Super-flattening in the sense of Murakami’s work goes a step further by breaking the rules of perception and flattens multiple perspectives of an object into a single orthogonal view point. SHAFT’s Bakemonogatari exhibits striking compositing that follows this superflat style – notice the sheer flatness of the imagery. Even thought there are clearly layers from a functional anime perspective there is no inherit sense of depth. Furthermore, even though we are looking dead-on at the shot, it hints at diagonal perspectives all throughout its artwork. The objects like houses and desks do not feel oriented in a real 3D space but exhibit 3-dimensional traits in their flattened form.

coalgirls_bakemonogatari_01_1280x720_blu-ray_flac_8d26b517-mkv_snapshot_20-03_2017-03-01_22-47-21

coalgirls_bakemonogatari_01_1280x720_blu-ray_flac_8d26b517-mkv_snapshot_14-47_2017-03-01_22-46-31

coalgirls_bakemonogatari_01_1280x720_blu-ray_flac_8d26b517-mkv_snapshot_02-27_2017-03-01_22-44-35

coalgirls_bakemonogatari_01_1280x720_blu-ray_flac_8d26b517-mkv_snapshot_00-01_2017-03-01_22-43-42

Bakemonogatari’s compositing and artwork flattens a sense of different perspectives in a ‘superflat’ manner

Both with Bakemonogatari’s superflat, schematic art and Urarara Meirochou’s equalised background and foreground, they feel very different to look at than your typical anime. That’s because most anime chase that cinematic perspective, setting your eyes up for a journey into the depths of the shot, whereas this flat compositing has your eyes drifting and meandering across the image, taking it in laterally.

Parting Words

With the healthy growth of the sakuga community over the last year or so, there has been a kind of awakening in the western anime community. Suddenly, people understand the talent behind animation and appreciate the value of creative and technically difficult movements. From my experience though, the discourse around the final presentation of an anime, the gravitas of its visual appeal, can lack the same sophistication. The visual side of anime production tends to be talked about as either ‘art’ or ‘animation’, however the overarching approach to tying the two together is just as important.

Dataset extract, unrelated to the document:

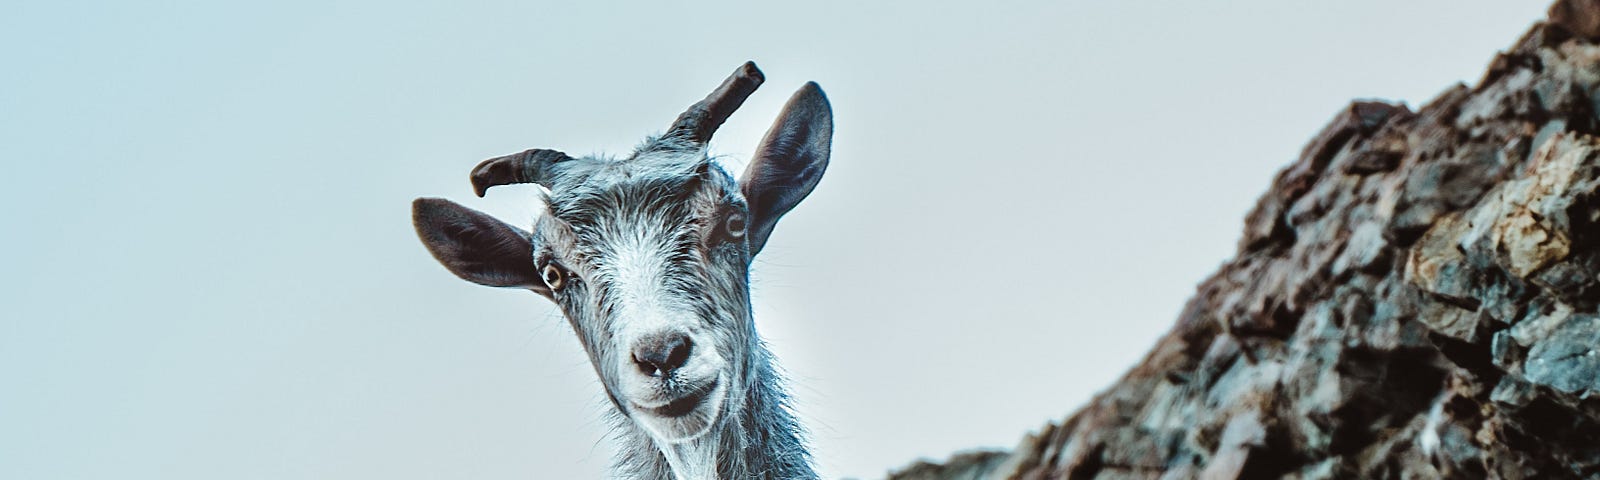 The image shows a goat staring at you from a rocky mountain ledge.

Both animation and art need to be consciously tackled with the goal of producing a sense of depth or an attractive kind of flat aesthetic, and then photography must harmonise all of the elements with well-crafted compositing. That’s how you get anime that pack the most powerful visual punch, when animation, art, 3DCG are all singing in chorus.

Frankly, this is where the role of the director steps into the limelight. With the sakuga communities’ general focus on key animation, it may often seem as though the director is more of a paper-pushing producer than anything else. However, the best directors can exert their creative power by harnessing all of these elements to reach a final vision for the visuals.

If anything, I hope this post might prompt someone to think further about the interplay between art, animation and photography rather than focusing on them independantly.